Common Caching Scenarios

When thinking about the data in the Enterprise we begin to uncover some very different scenarios that could benefit from caching.  We also quickly realize that caching is not a “one size fits all” proposition because a solution that makes sense in one scenario may not make sense in another.  To get a better understanding of this, lets talk more about the three basic scenarios that caching tends to fall into:

Reference Oriented Data

Reference data is typically written infrequently but frequently read.  This type of data is an ideal candidate for caching.  Most of the time, when we think about caching data, this is the type of data that first comes to mind.  Examples of this could include: A product catalog, a schedule of flights, etc.  Getting this type of data closer to where it is consumed can have huge performance benefits.  It also doesn’t overload database resources with queries that are generating similar results.

Activity Oriented Data

Activity data is written and read by only one user as a result of a specific activity and is no longer needed when the activity is completed.  While this type of data is not what we typically think of as a good candidate for caching, it can yield benefits of scalability if we do find an effective caching strategy.  An example of this type of data would be for a shopping cart.  An appropriate, distributed caching strategy will allow better overall scale for an application because requests can be served easily by load balanced servers that do not require sticky sessions.  To handle this, the caching strategy must be able to handle many of these exclusive collections of data in a distributed way.

Resource Oriented Data

The trickiest of all is what’s know as Resource data. Resource data is typically read and written very frequently by many users simultaneously.  Because of the volatility of this data it is not often thought of as a candidate for caching but can yield big benefits in both performance and scale if an efficient strategy can be found.  An example of this type of data would include: The inventory for an online bookstore, the seats on a flight, the bid data for an online auction, etc.  In all of these examples, although the data is very volatile in a high throughput situation it would be very slow if every request needed to result in a database access.  The challenge for caching this type of data is having a strategy that can be distributed in order to achieve the ability to properly scale along with the necessary concurrency and replication so that the underlying data is consistent across machines.

Current Caching Technologies in .NET

There are existing .NET technologies that can be used to provide caching today.  Some of these are tied to the web tier (e.g. ASP.NET Cache, ASP.NET Session and ASP.NET Application Cache) while some are more generic in their usage (e.g. Enterprise Library’s Caching Application Block).  These are all great caching technologies for smaller applications but they have limitations that prevent them from being used for large Internet scale applications.

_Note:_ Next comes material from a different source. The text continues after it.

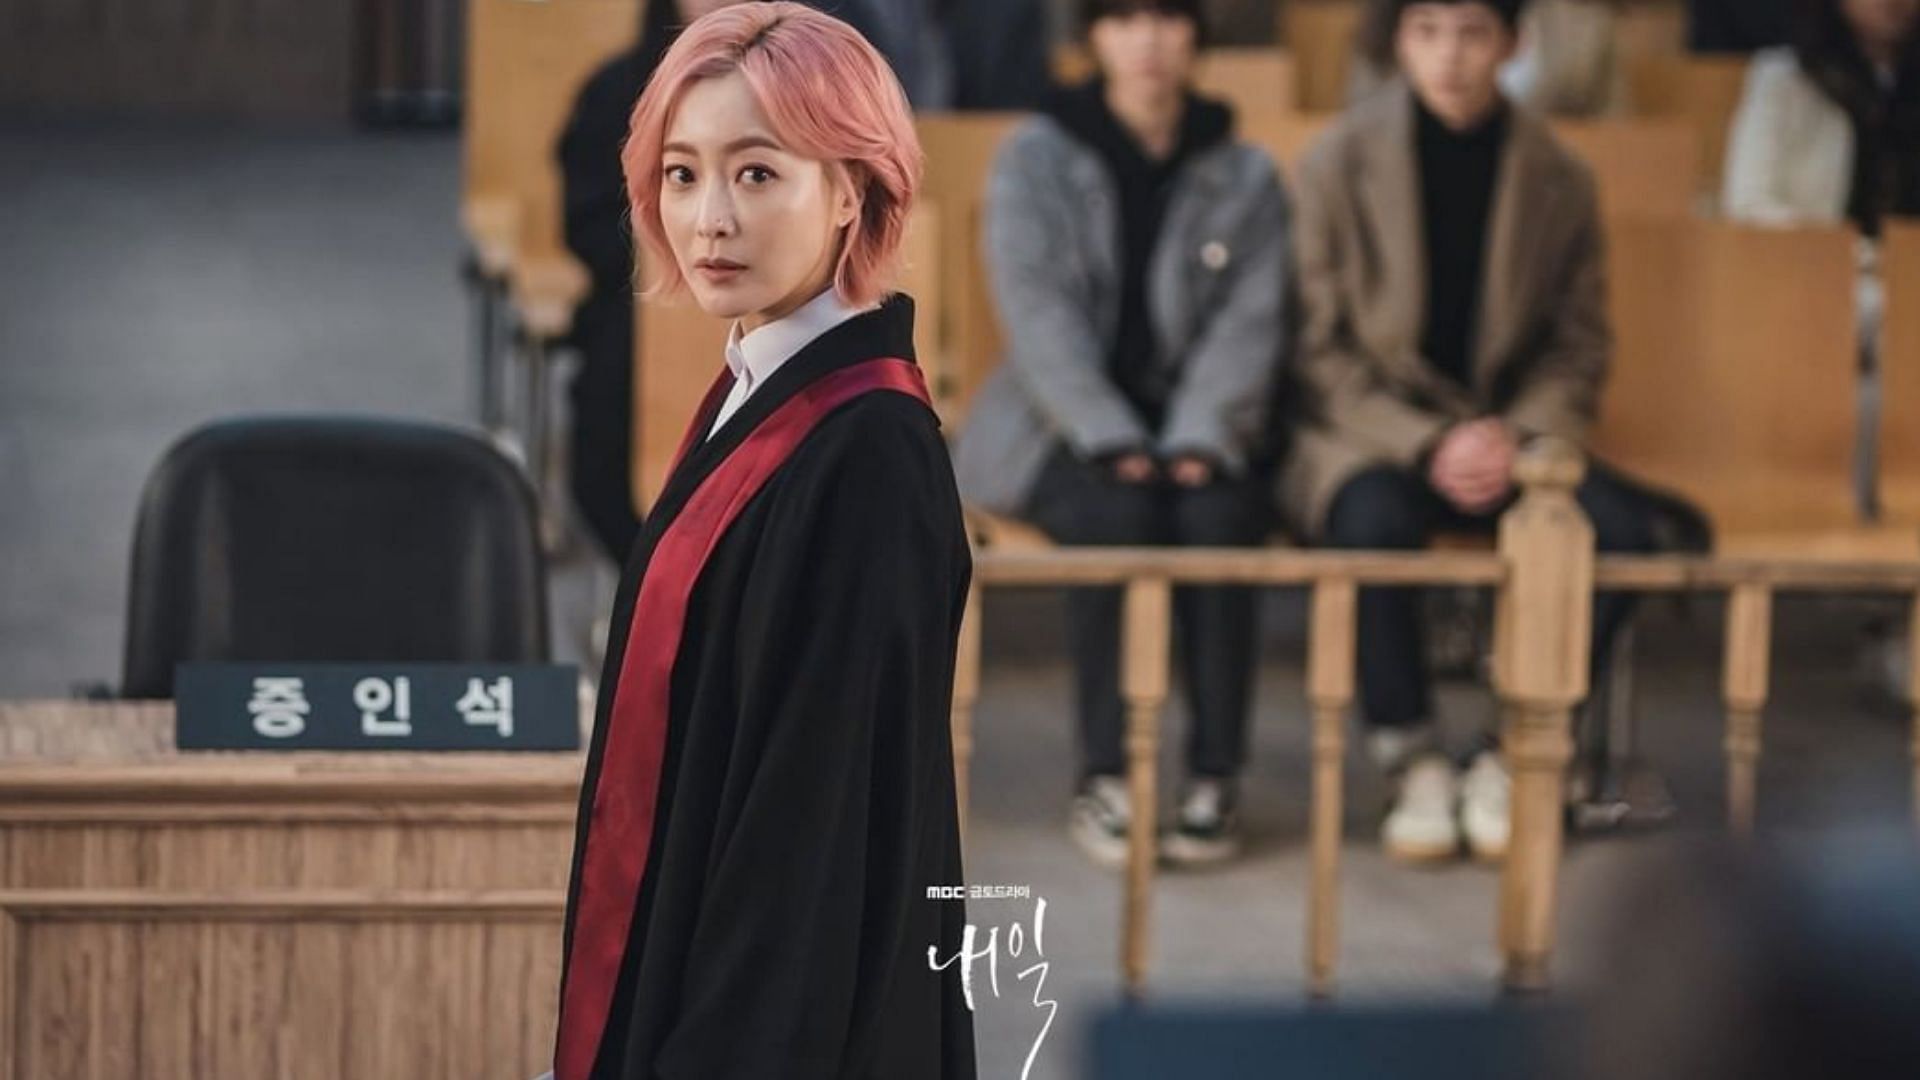 A still of Kim Hee-seon (Image from Mbcdrama/Instagram)

When it comes to larger Internet scale application caching technologies there are some 3rd party products in the space that do an excellent job, one of these being NCache by Alachisoft.  Microsoft is now also jumping into this space with a new caching technology codenamed “Velocity.”  Velocity can be configured to handle all of the caching scenarios described above in a performant and and highly scalable way.

What is “Velocity?”

“Velocity” is Microsoft’s new distributed caching technology.  Although it is not scheduled to be released until middle of 2009, it already has many impressive caching features with lots of very useful and ambitious features slated for future releases.  In Microsoft’s own words from the “Velocity” project website, they define “Velocity” in the following way:

Microsoft project code named “Velocity” provides a highly scalable in-memory application cache for all kinds of data. By using cache, application performance can improve significantly by avoiding unnecessary calls to the data source. Distributed cache enables your application to match increasing demand with increasing throughput using a cache cluster that automatically manages the complexities of load balancing. When you use “Velocity,” you can retrieve data by using keys or other identifiers, named “tags.” “Velocity” supports optimistic and pessimistic concurrency models, high availability, and a variety of cache configurations. “Velocity” includes an ASP.NET session provider object that enables you to store ASP.NET session objects in the distributed cache without having to write to databases, which increases the performance and scalability of ASP.NET applications.

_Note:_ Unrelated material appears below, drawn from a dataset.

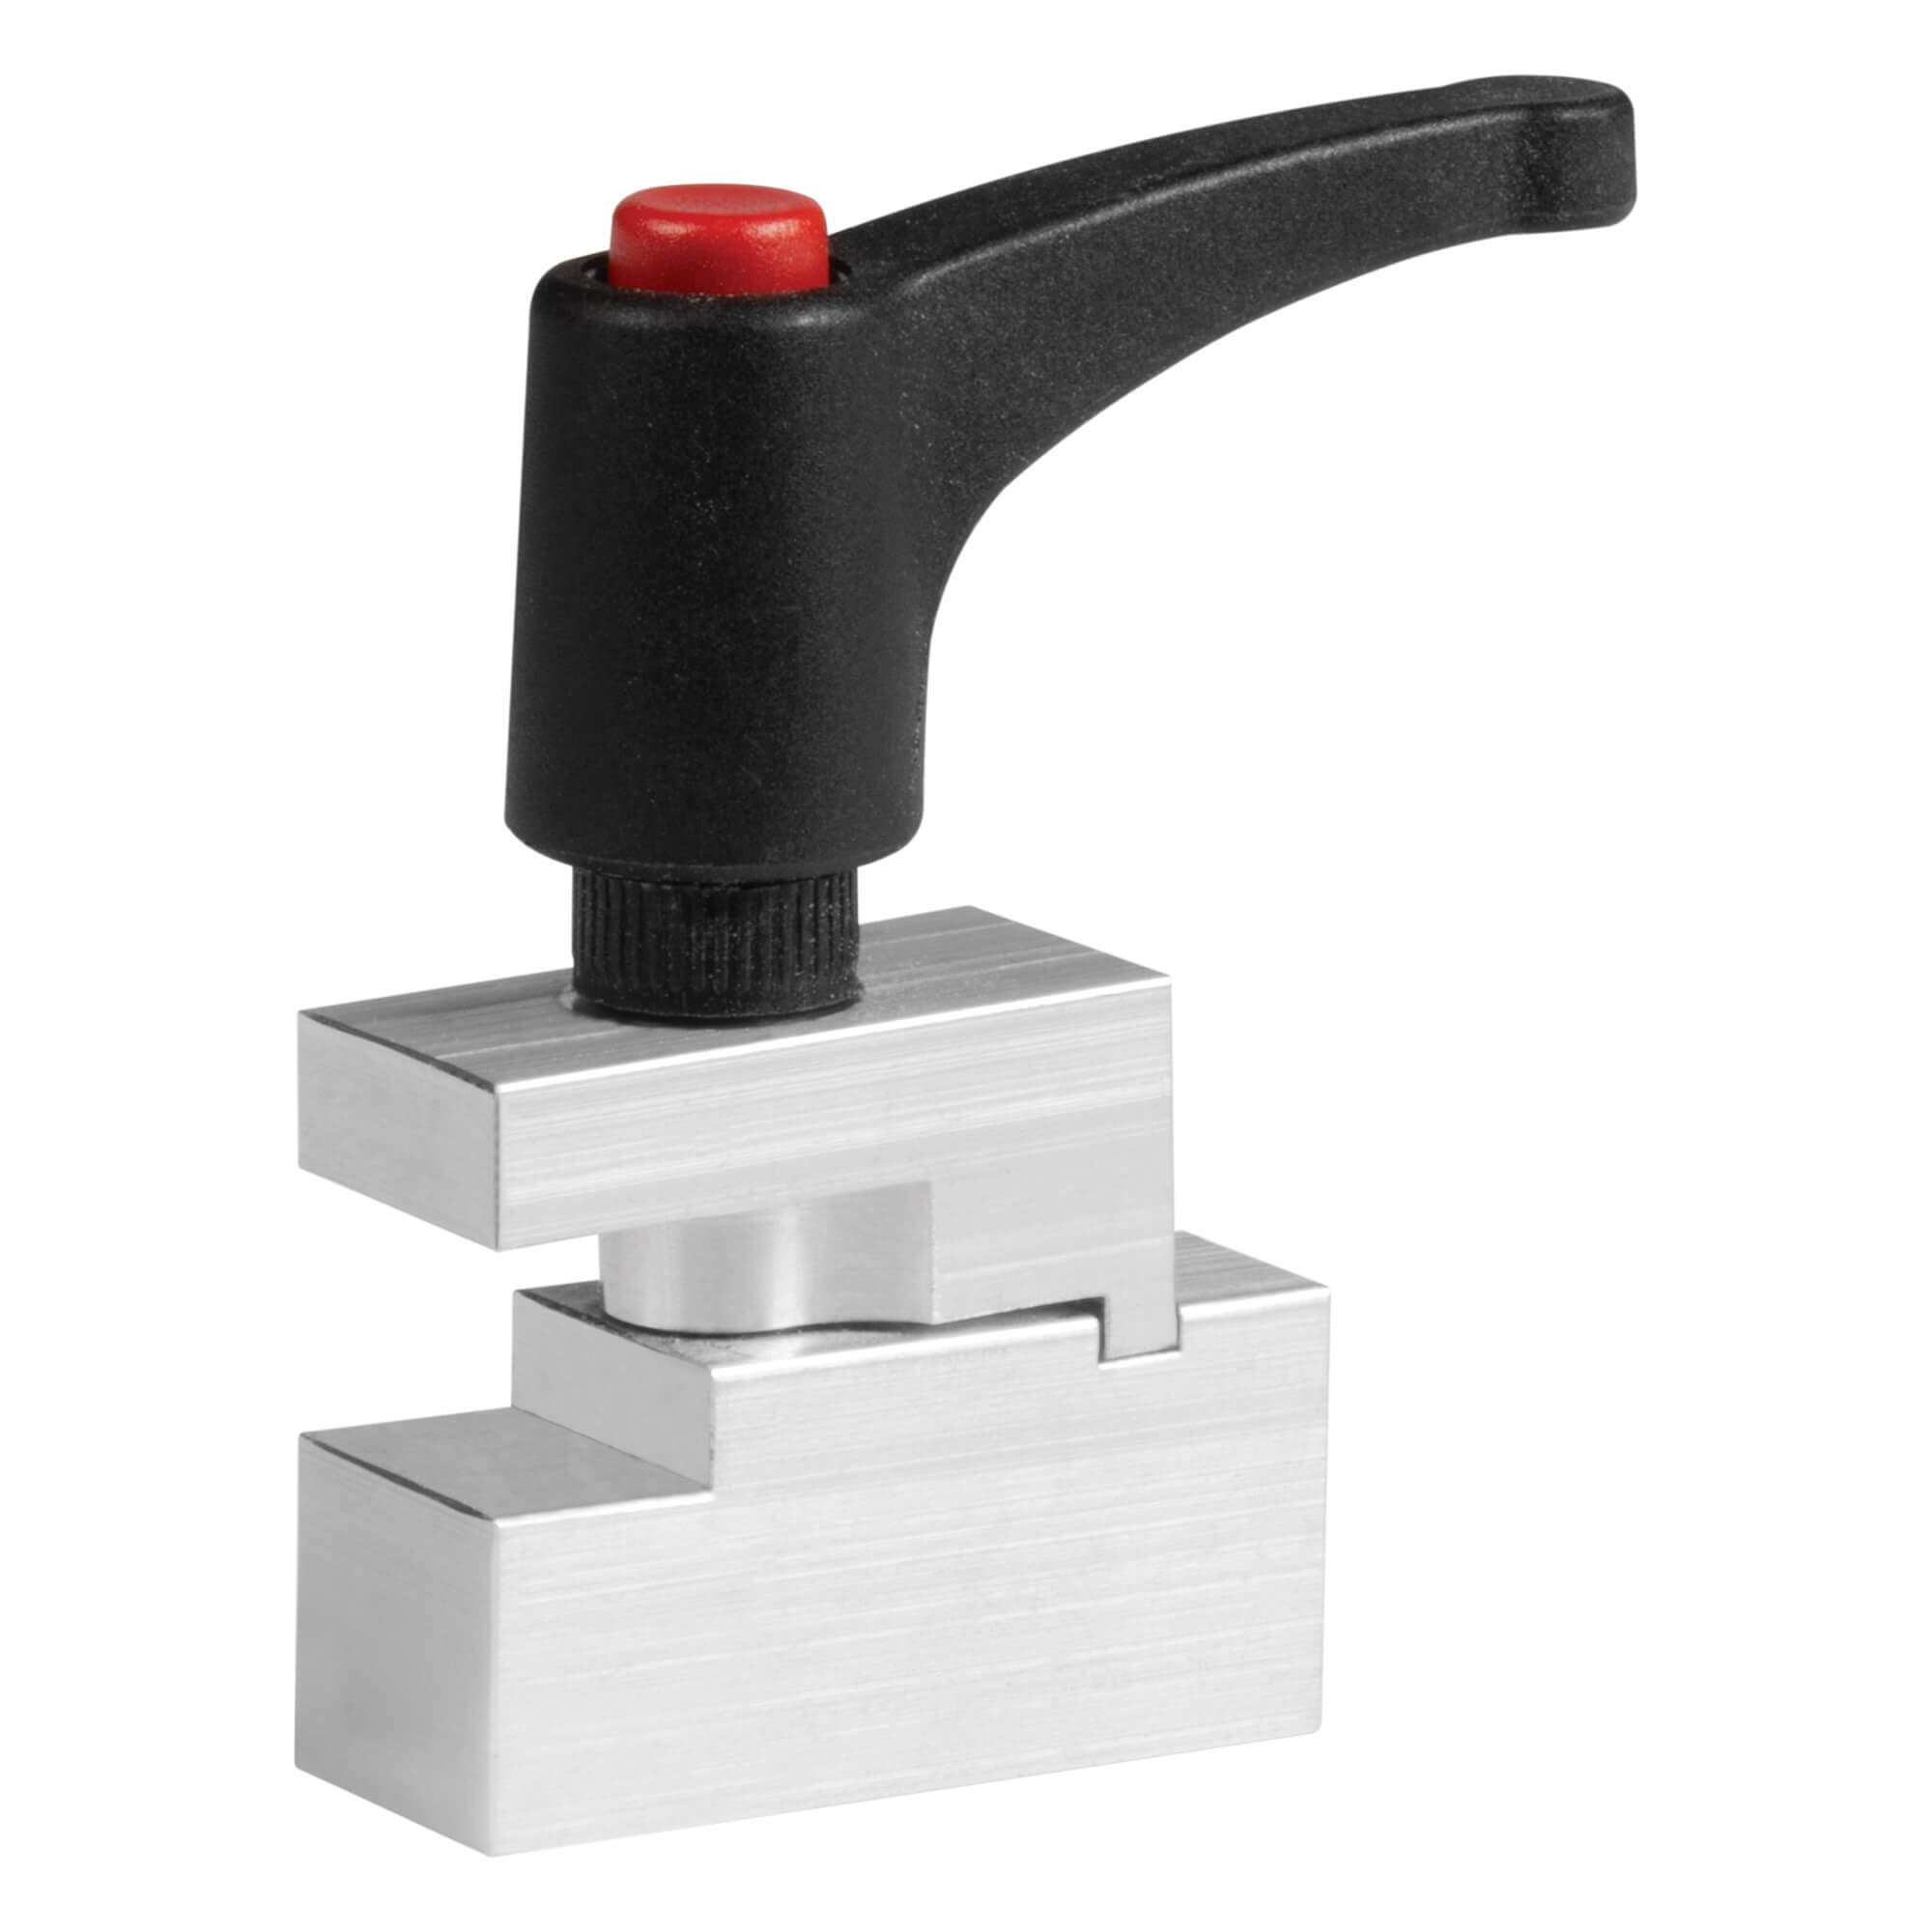 Photo of Trend Worktop True Cut Worktop Jig Out Of Square Accessory

In a nutshell, Velocity allows a cache to be distributed across servers which has huge scalability benefits.  It also allows for pessimistic and optimistic concurrency options.  This along with other features is what makes “Velocity” a great choice for the caching needs of large scale applications.

Features in Velocity

There are many features both existing and planned that will make Velocity an compelling caching technology that far exceeds the existing caching options offered by Microsoft.

Current Features:

Simple Caching Access Patterns Get/Add/Put/Remove

It is very easy using Velocity’s API to perform the standard cache access including Adding new items to the cache, getting items from the cache, putting updates to cache items and removing items from the cache.

Tag Searching

When saving a cache item to a specific cache “region” (regions are discussed later in this post) you are able to add one or more string tags to that entry.  It is then possible to query the cache for entries that contain one or more tags.

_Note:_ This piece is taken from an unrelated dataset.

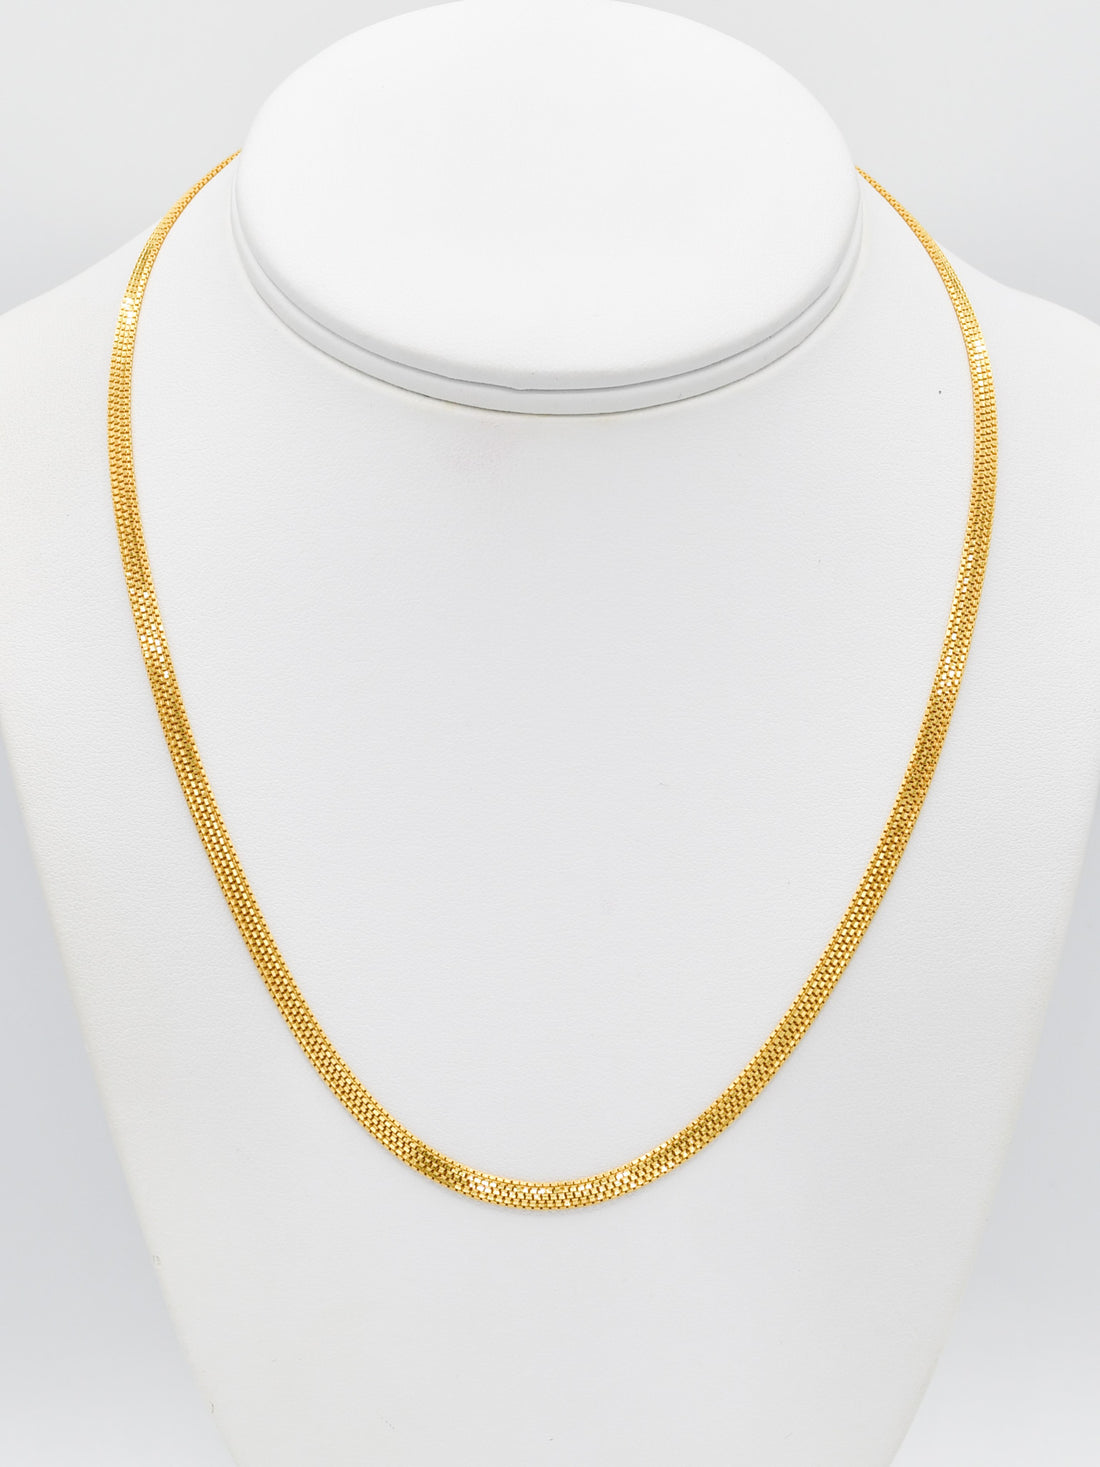 22ct Gold Flat Chain - Roop Darshan

Distributed Across Machines

A cache can be configured to exist across machines.  The configuration options for this are quite extensive.  By allowing cache items to be distributed across machines the cache is allowed to scale out as new cache servers are added.  The other existing caching technologies offered by Microsoft only allow for scaling up.  Scaling up can be very expensive as the caching needs increase and often hit a limit as the the amount of caching that can be allowed.  With “Velocity” you can scale out a cache across hundreds of machines if needed effectively fusing the memory of these machines together to form one giant cache, all with low cost  commodity hardware.

High Availability

Velocity can be configured to transparently store multiple copies of each cache item when it is stored in the cache.  This provides high availability by helping to guarantee that a given cache item will still be accessible even in the event that a caching server fails.  Of course the more backup copies of an item that you configure the greater the guarantee that your data will survive a failure.  Velocity is also smart enough to make sure that each backup copy of a cache item exists on separate cache servers.

Concurrency

Velocity supports both Optimistic and Pessimistic concurrency models when updating an item in the cache.  With Pessimistic concurrency, you would request a lock when retrieving an item from the cache that you were going to update.  Then you would be required to unlock the object after it is updated.  In the meantime, no one else would be able to obtain a lock for that item until it was either unlocked or the lock expires.  With Optimistic concurrency, no lock is needed, instead the original version information is passed along when an item is updated.  During the update, Velocity will check to see if the version that is being updated on the caching server is the same version that was edited.  An error is passed back to the caller if the versions do not match.  For performance reasons it is always better to use optimistic concurrency if the situation can tolerate it.

Management and Monitoring

Velocity is managed using PowerShell.  There are over 130 functions that can be performed through PowerShell.  For example: you can create caches, set configuration info, start a cache server, stop a cache server, etc.

ASP.NET Integration

Velocity comes with a Session State provider that can be “plugged into” ASP.NET so that the Session State information is stored inside Velocity as opposed to the standard ASP.NET session provider.  Using the Velocity provider is completely transparent, the session object is used just as it was with the ASP.NET session provider.  This automatically scales session state across servers in a way that does not require sticky routers.

Local Cache Option

Velocity can be configured such that when an item is retrieved from the distributed cache that it can also be cached locally on the server where it was retrieved.  This makes it faster to retrieve the same object if it is asked for again.  The real savings here is in network latency and the time it would take for de-serializing the cache item.  Cache Items stored inside the Velocity cache are always serialized in memory but cache items stored in the local cache (when configured) are always stored natively as objects.  So, if the memory space can be afforded, this can be quite a performance boost.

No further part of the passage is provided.